Da Redação
Em 28/04/2010 às 09:17
Das 80 famílias contempladas com a bolsa-auxílio de R$ 510 por até seis meses, 62 receberam o benefício. Quarenta e duas já haviam sacado o valor na segunda-feira (26), data do início do pagamento, efetuado através do Banco Nossa Caixa. Já nessa terça-feira (27) mais 20 famílias procuraram o banco para receber.
Entre elas, a ex-catadora Edivânia Martins dos Santos, 25 anos, que trabalhou no lixão por 10 anos. Para ela, a bolsa de R$ 510 deverá ser utilizada para pagar as despesas com aluguel, alimentação, água, energia elétrica, entre outras. Além dos gastos com a filha de seis anos.
Para orientar os ex-catadores do lixão, a secretária de Assistência Social, Regina Penati, esteve presente no banco. Segundo ela, todas as famílias receberam orientações dos Centros de Referência da Assistência Social (Cras). Sendo que no período do beneficio, todas irão receber também cursos profissionalizantes.
Para a ex-catadora Aparecida Carmelina de Oliveira, 57 anos, que recebeu o auxílio nessa terça-feira, “o valor será bastante útil, sendo utilizado no pagamento das despesas de casa, além da alimentação”, comenta. Ela pretende participar dos cursos oferecidos pelo Cras e se preparar para conseguir um novo trabalho.

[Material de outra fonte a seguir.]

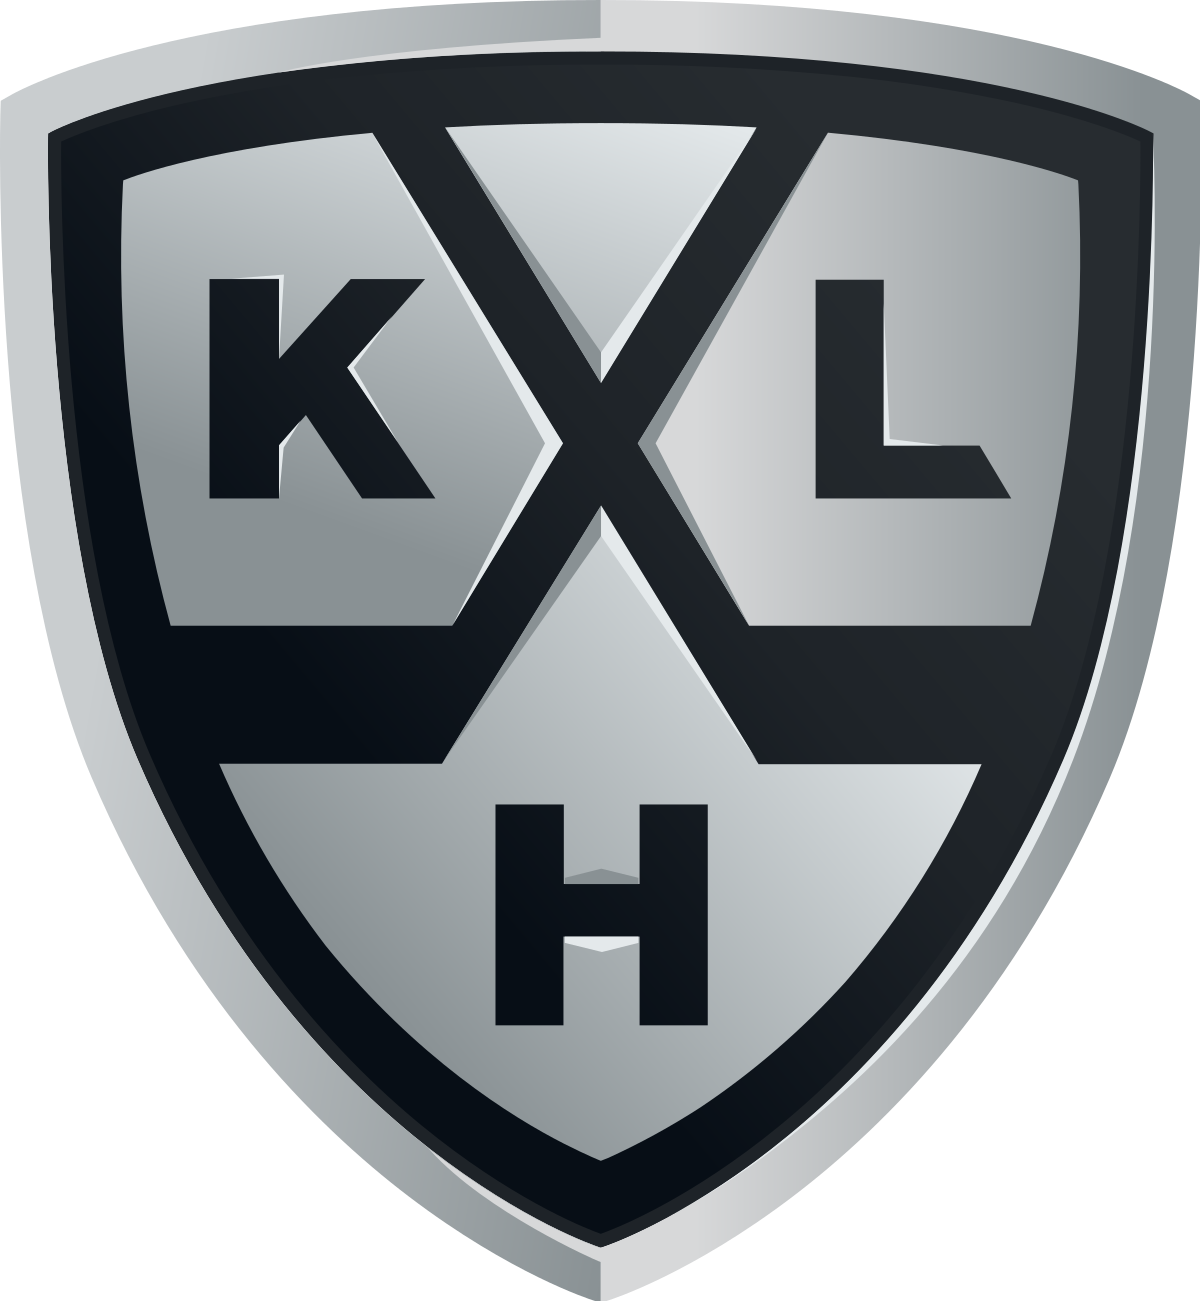 KHL have been looking to cut costs in a bid to make the competition more commercially viable ©Wikipedia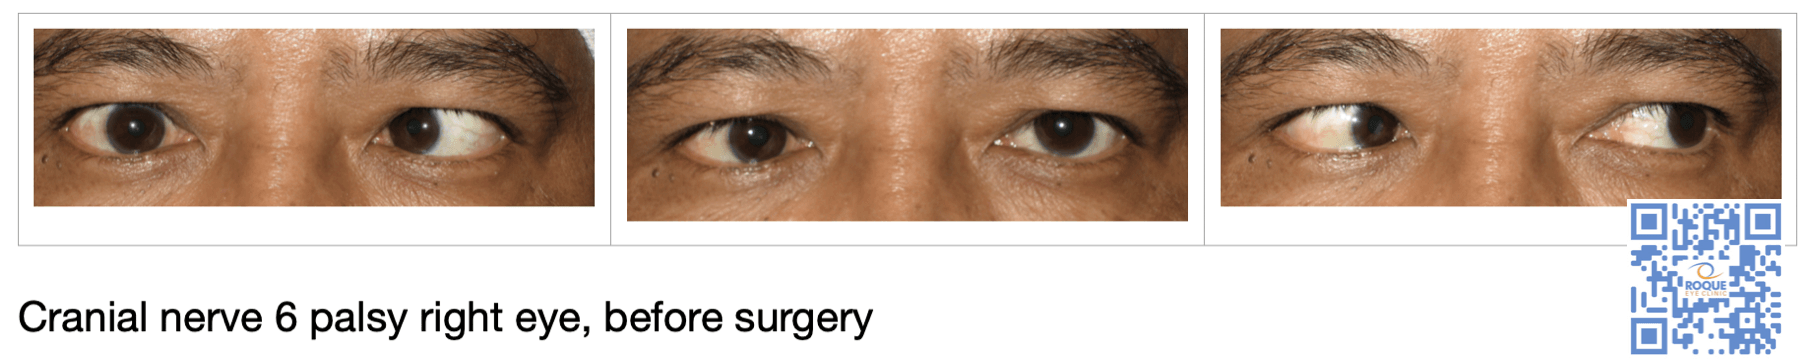 Cranial nerve 6 palsy right eye, before surgery

Já segundo Vanessa Fernandes, esposa do catador Jorge Pessoa, a palavra da Prefeitura está sendo cumprida, mas o valor é baixo para a sobrevivência da família. “Com essa ajuda, vamos pagar o aluguel, uma conta das duas de luz que estão atrasadas e outras contas pequenas, mas o de comer com esse dinheiro não dá para comprar”, afirma.
Conforme a secretária de Assistência Social, mais 50 famílias ainda estão em processo de cadastramento para receber o beneficio. Segundo ela, a equipe do Cras tem realizado o acompanhamento dessas famílias, para atualizar as informações. “A listagem com os nomes dos novos contemplados deve sair em breve”, adianta.
Na primeira quinzena deste mês, as famílias tiveram que deixar o lixão, em cumprimento a uma das determinações previstas no Termo de Ajuste de Conduta (TAC), firmado junto ao Ministério Público do Estado (MPE), para encerramento do lixão e a instalação de um novo aterro no município.